Work task: All of the data below is to be repeated exactly, except for the pictures.

Stored data:
──────────

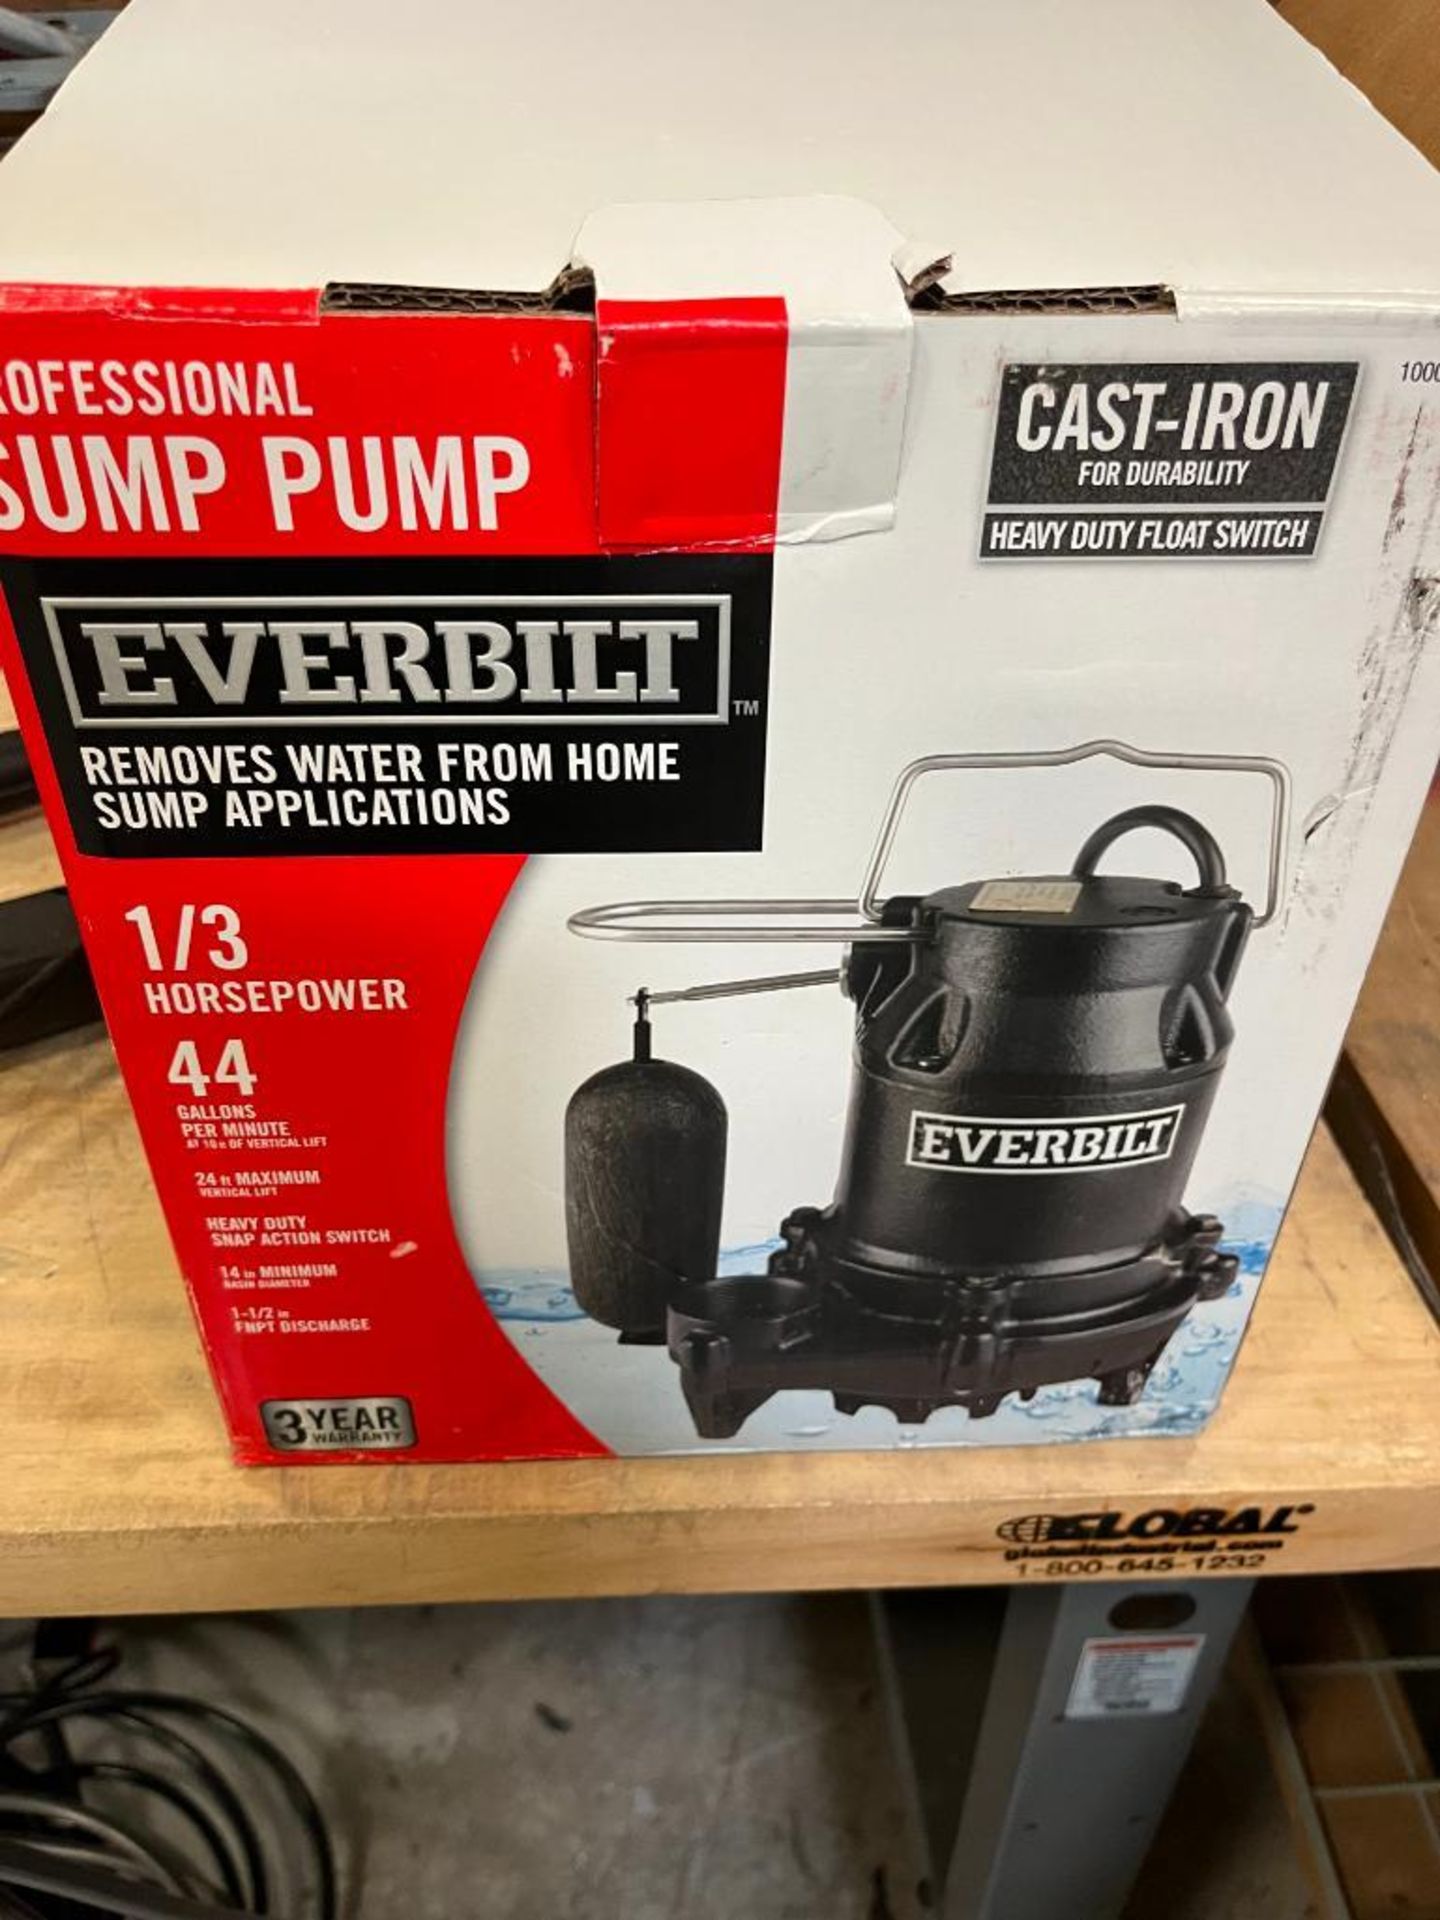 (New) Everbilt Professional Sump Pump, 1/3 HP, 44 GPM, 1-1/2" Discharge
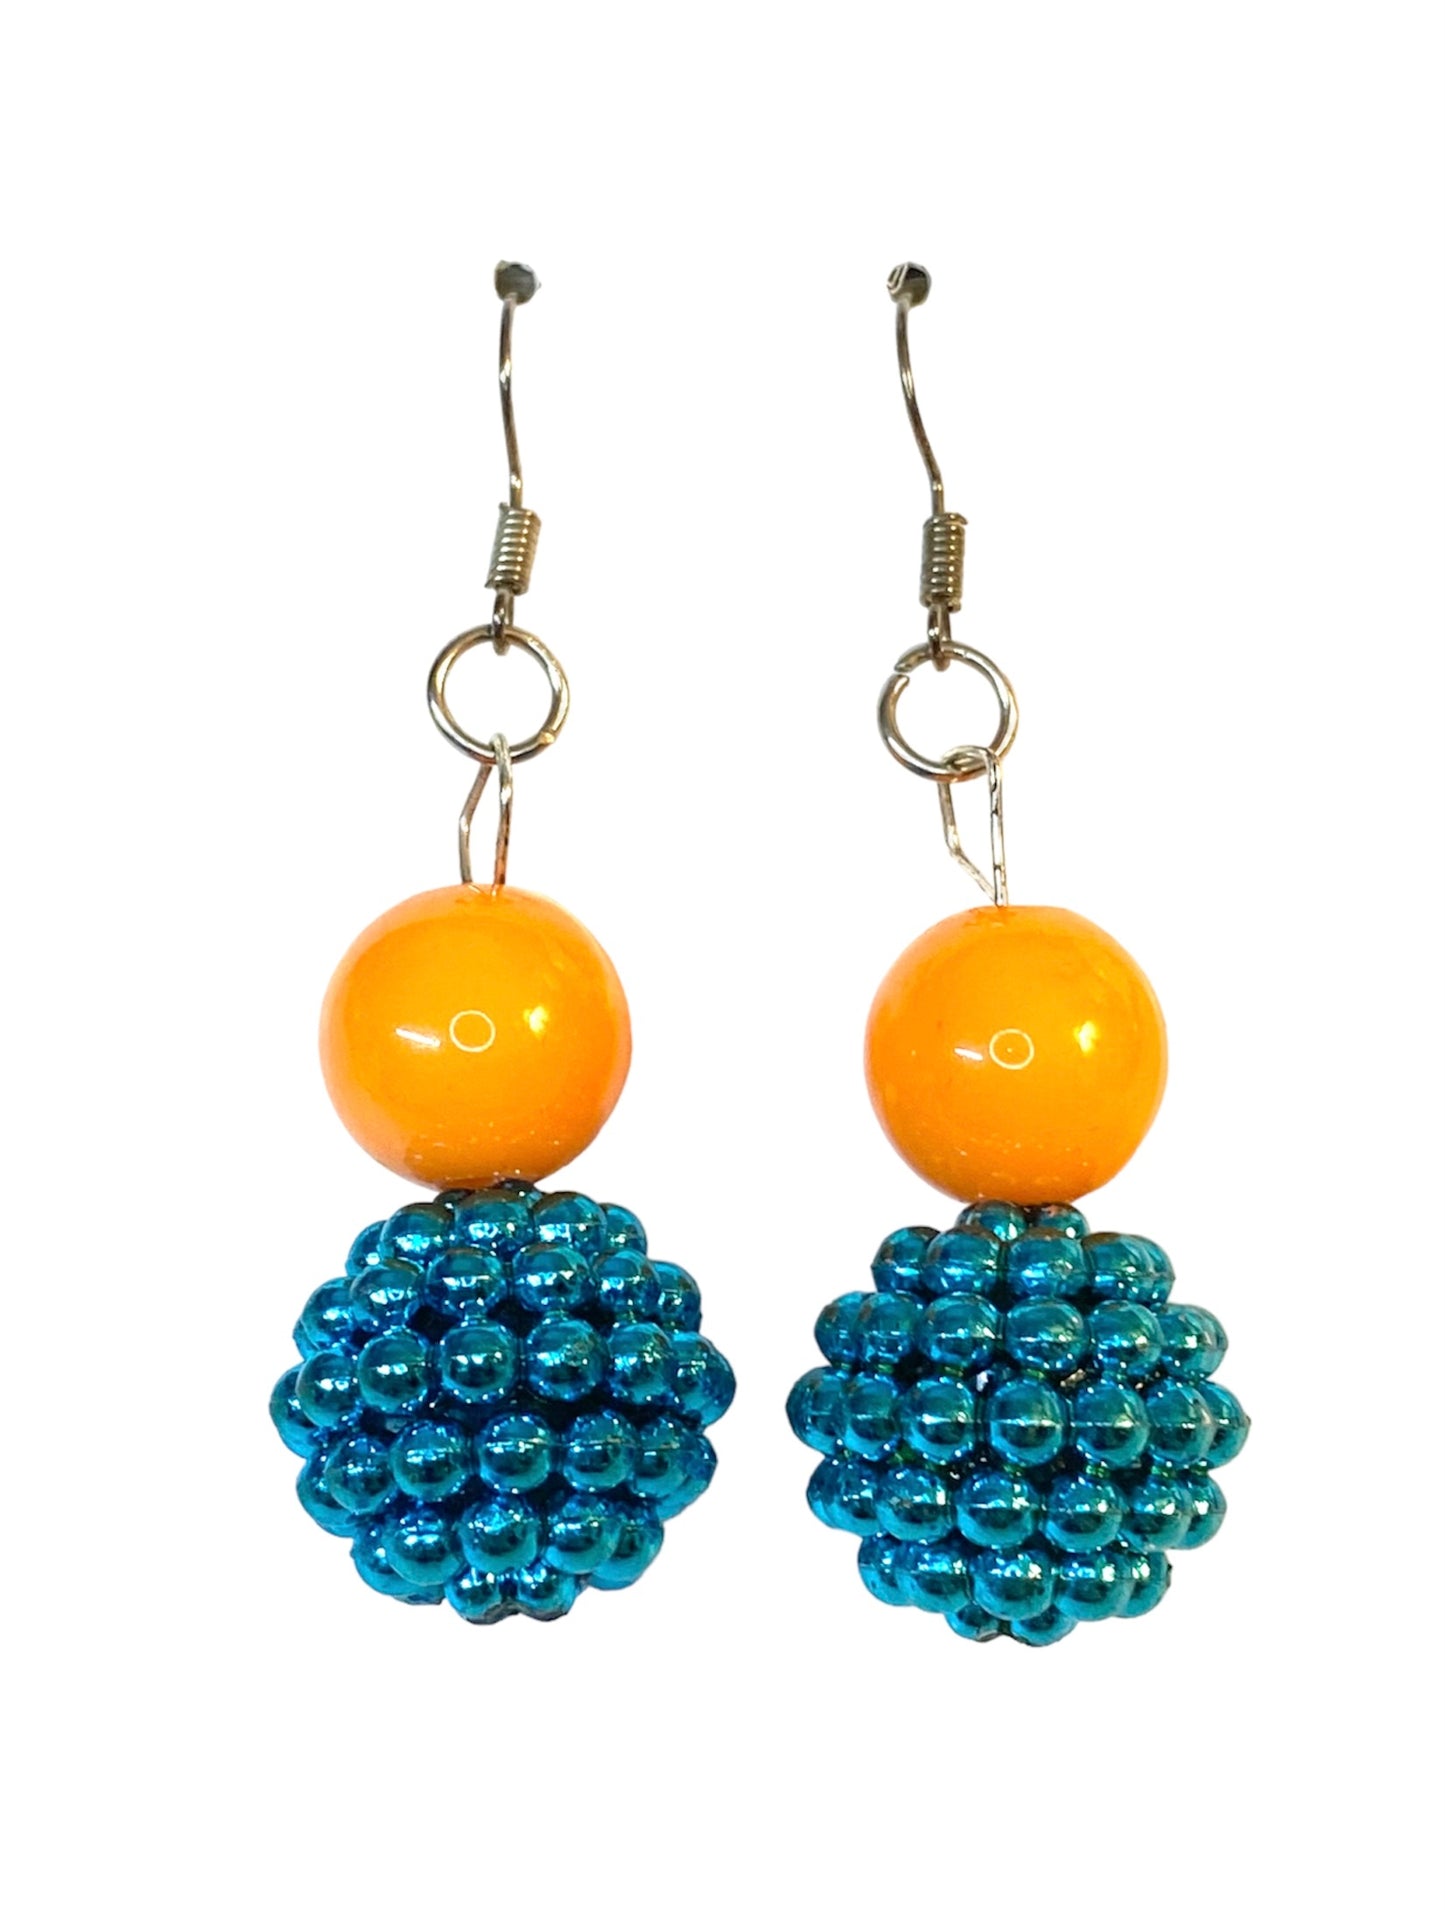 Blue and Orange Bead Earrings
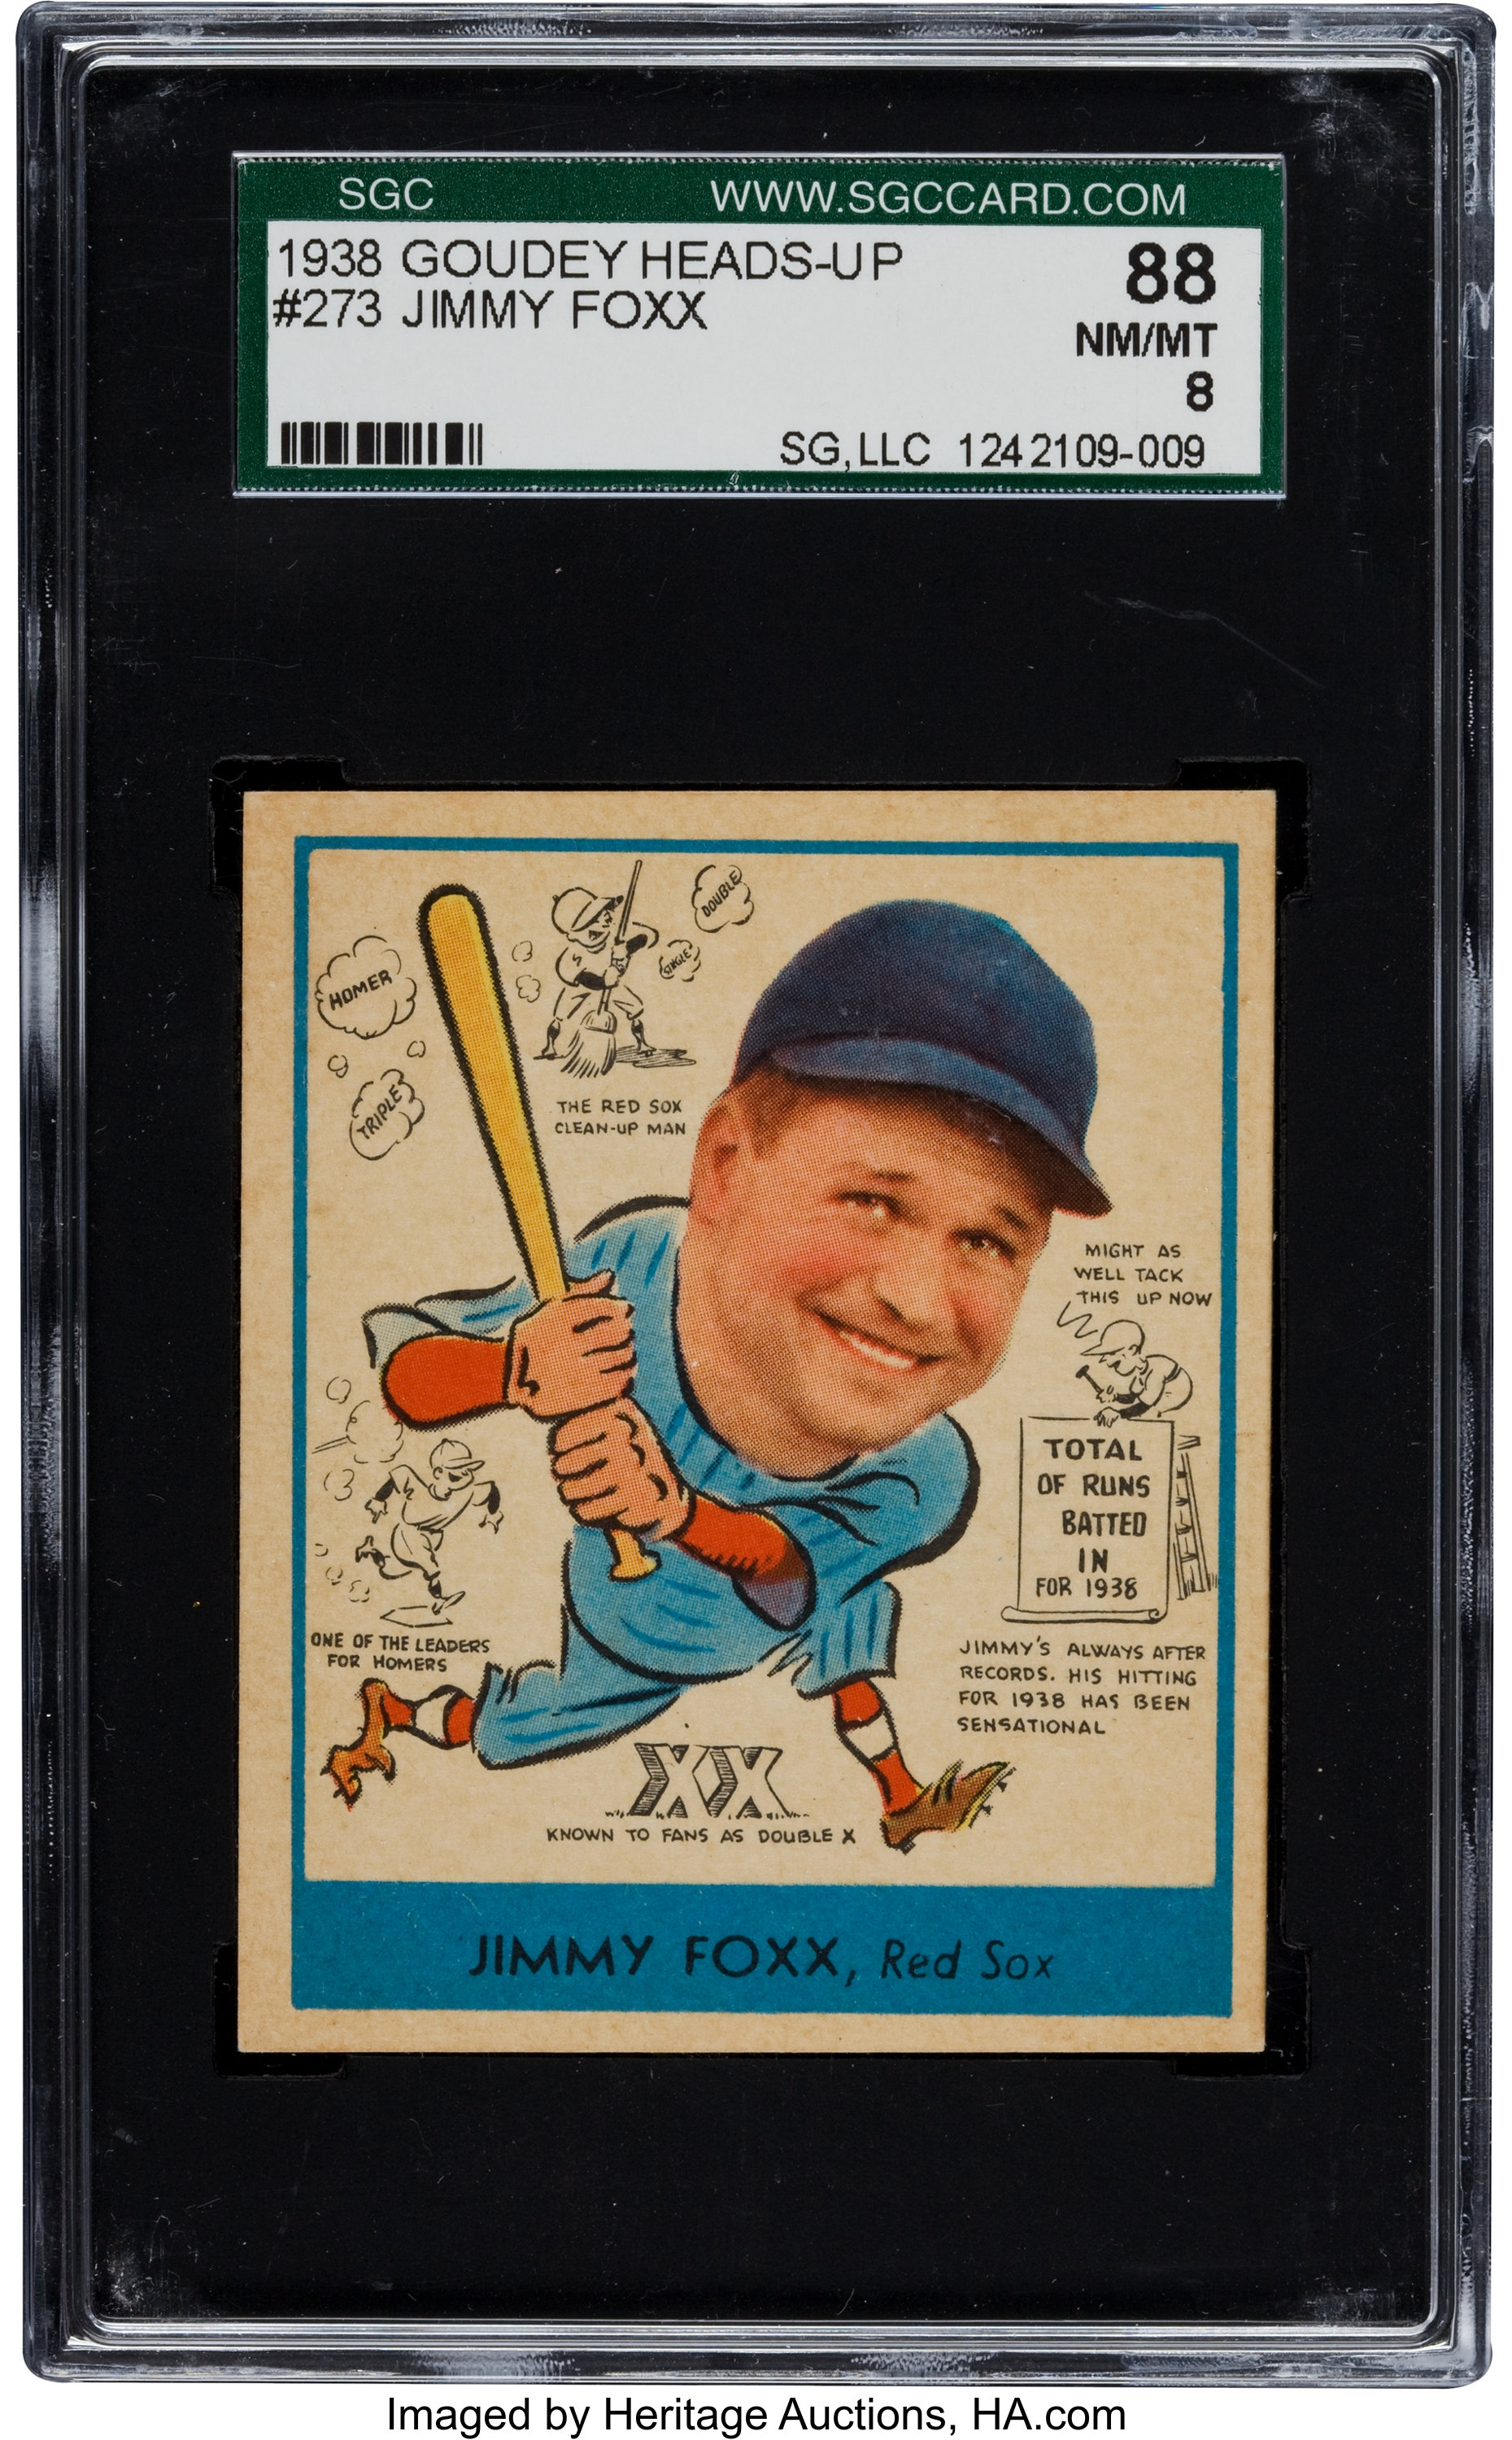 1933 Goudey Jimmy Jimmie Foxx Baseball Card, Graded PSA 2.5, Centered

──────────

Solution for this problem:
 (New) Everbilt Professional Sump Pump, 1/3 HP, 44 GPM, 1-1/2" Discharge
 Blue and Orange Bead Earrings
 1933 Goudey Jimmy Jimmie Foxx Baseball Card, Graded PSA 2.5, Centered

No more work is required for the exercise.